Miller stepped down in 1982. In his 16 years at the helm, he navigated the players through two strikes and three owner-led lockouts (which did not cause the cancellation of any games), with the players prevailing in every single way that mattered. During his tenure as the Executive Director of the MLBPA, pensions were fully-funded, per diems were dramatically increased, free agency was achieved and players’ average annual salary rose from $19,000 in 1966 to $326,000 in 1982. There had been no run of unmitigated success like that which Miller oversaw in this history of sports labor. Many, in fact, have argued that Miller made the MLBPA the most powerful and successful union in the country, bar none.
In the face of such staggering losses, it was only a matter of time before the owners pushed back.

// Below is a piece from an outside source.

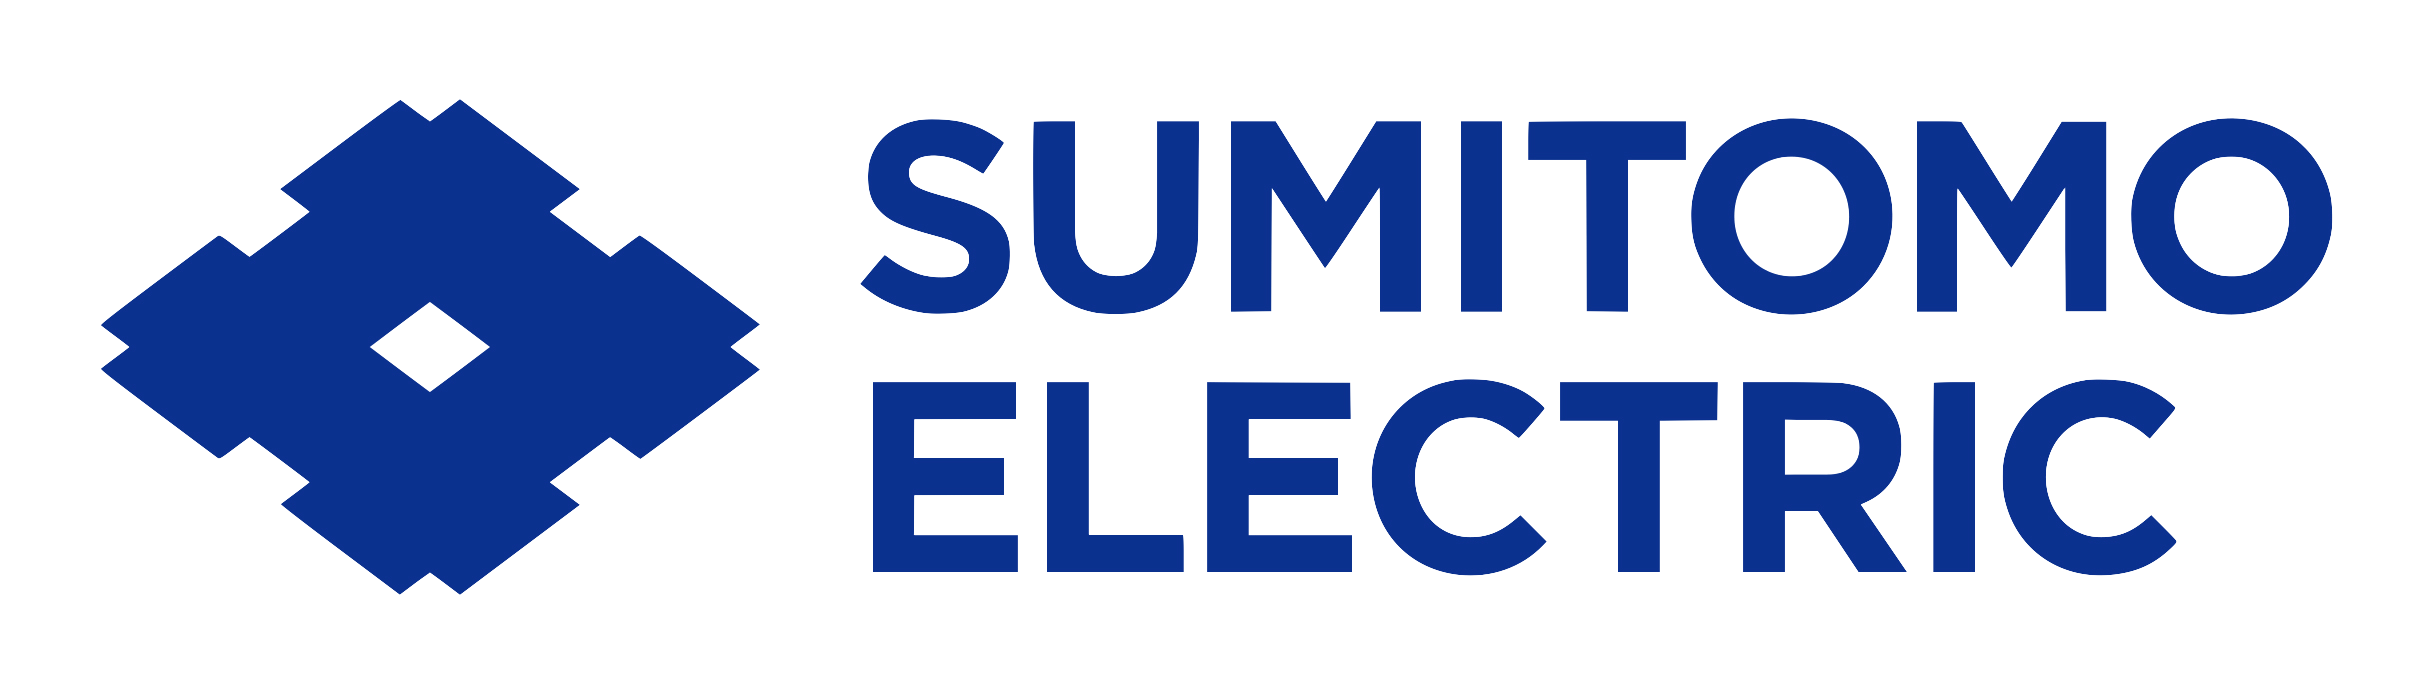 Sumitomo Electrics

The Seitz Decision and unfettered free agency caused salaries to skyrocket and caused owners to soil their BVDs. Some, such as George Steinbrenner of the Yankees and Ted Turner of the Braves, took full advantage of the new state of affairs and spent big money to attract the best free agents to their teams. Others pinched pennies or traded away players before they could reach free agency regardless of the consequences for the team. Most owners saw it as a mortal threat, though a threat they had no idea how to combat. Then in 1984 they got some seriously bad advice.
Peter Ueberroth, fresh off his triumph of putting together the Los Angeles Olympics, was elected commissioner in 1984. Not long after his election he held an owners meeting during which he called the 26 men in the room “damned dumb” for trying to improve their teams via free agency and implored them to focus on the bottom line as opposed to winning baseball games. Later, at a general managers meeting, Ueberroth said that it was “not smart” to sign long-term contracts. The message was clear and soon after that a system was set up by clubs in which they secretly agreed to (a) limit position player free agent contracts to three years; and (b) limit pitcher free agent contracts to two years. They would later create an information bank in which all clubs would report on their ongoing negotiations with free agents in order to keep teams from attempting to outbid each other.
While some owners were at least a little uncomfortable with this, others, such as Brewers owner Bud Selig and White Sox owner Jerry Reinsdorf, were enthusiastic and helped marshal support for the scheme among the ownership ranks. Eventually everyone went along with the plan.
The agreement among the clubs was secret because it violated the Collective Bargaining Agreement which had specifically barred coordination among clubs and coordination among players (outside of union activity) in contract negotiations. Ironically, that prohibition was insisted upon by the owners and placed in the CBA in 1968 in the wake of Sandy Koufax and Don Drysdale coordinating a holdout against the Dodgers before the 1966 season. Players had never violated it, but the owners set out in the 1985-86, 1986-87, and 1987-88 offseasons to do just that.
In practice it was pretty crude. For example, when Bob Boone became a free agent after the 1986 season he had a meeting with the Oakland A’s. The A’s GM Sandy Alderson called Mike Port, the GM of Boone’s old team, the California Angels, to tell him that Boone was looking to come to Oakland. Port told Alderson not to sign Boone and Alderson cut off talks. Boone would struggle all offseason to find work, got no offers, and with no other choice returned to the Angels. Similar things happened to several players. Offseason sports reports were filled with footage of unhappy players leaving unproductive meetings with uninterested teams. Sports Illustrated famously ran a cover story about how strange it was that nobody wanted to sign Kirk Gibson, who was at the time one of baseball’s best players. Many other of the game’s biggest stars, including Carlton Fisk, Tim Raines, Paul Molitor, Jack Morris, Jack Clark and Andre Dawson, were unable to interest any teams other than their current ones. As a result, between 1985-1988, player salaries dropped 16 percent while owner profits went up by 15 percent.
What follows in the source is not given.